Что до всего прочего, то скажу вам, что я, как мне кажется, никогда не влюблюсь по-настоящему. В каждом мужчине, в каждом, я непременно обнаруживаю что-нибудь смешное, и тогда уж пиши пропало. То это странность какая-нибудь, то неуклюжесть, глупость, нудность – но что-нибудь да есть, кончик уха торчит.
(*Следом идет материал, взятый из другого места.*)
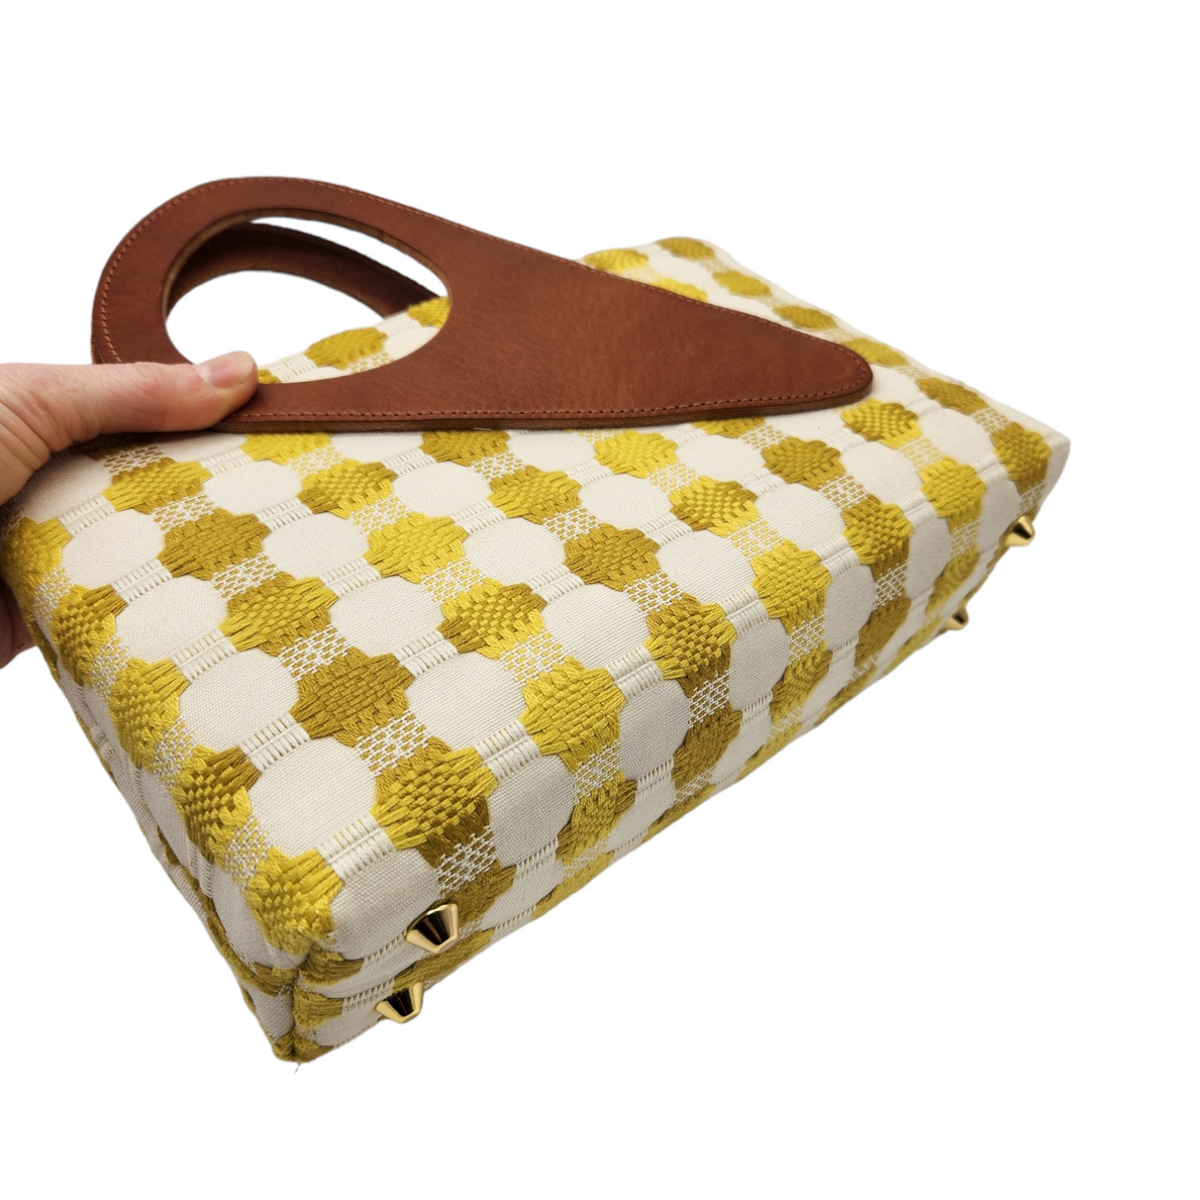 Made-to-Order Mod Egg Handbag - Add Libb Designs

– Вам нужен кто-нибудь умнее вас, – говорит Блан.
– Да, конечно.
– Да, но это невозможно.
– Полно вам!
– Вероятно, есть мужчины более серьезные, есть такие, что лучше разбираются в каких-то материях, но таких, чтобы в общем были умнее, остроумнее, хитрее, – ручаюсь вам, шутки в сторону, таких нет. А вы, пока не почувствуете интеллектуального превосходства… и т. д. и т. п.
Правда: пока я не встречу своего повелителя, не поддамся ни на какие чары; страсть выискивать в людях недостатки не позволит мне увлечься никаким Адонисом… Как глупы люди, которые ездят в Булонский лес, – просто не могу понять их пустого, бездумного существования!
<…>
<…>
Я словно боюсь чего-то.
Обожаю простоту во всем – в живописи, в чувствах и т. д. – во всем. Мне самой никогда не давались простые чувства и никогда не будут даваться: они немыслимы там, где есть сомнения и страхи, основанные на предыдущем опыте. Простота чувств возможна, когда люди счастливы, или в деревне, в неведении всего того, что… Характер у меня от природы въедливый, и по причине избытка проницательности, и из-за самолюбия, пристрастия к анализу, тяги к истине, страха избрать ложный путь, потерпеть неудачу.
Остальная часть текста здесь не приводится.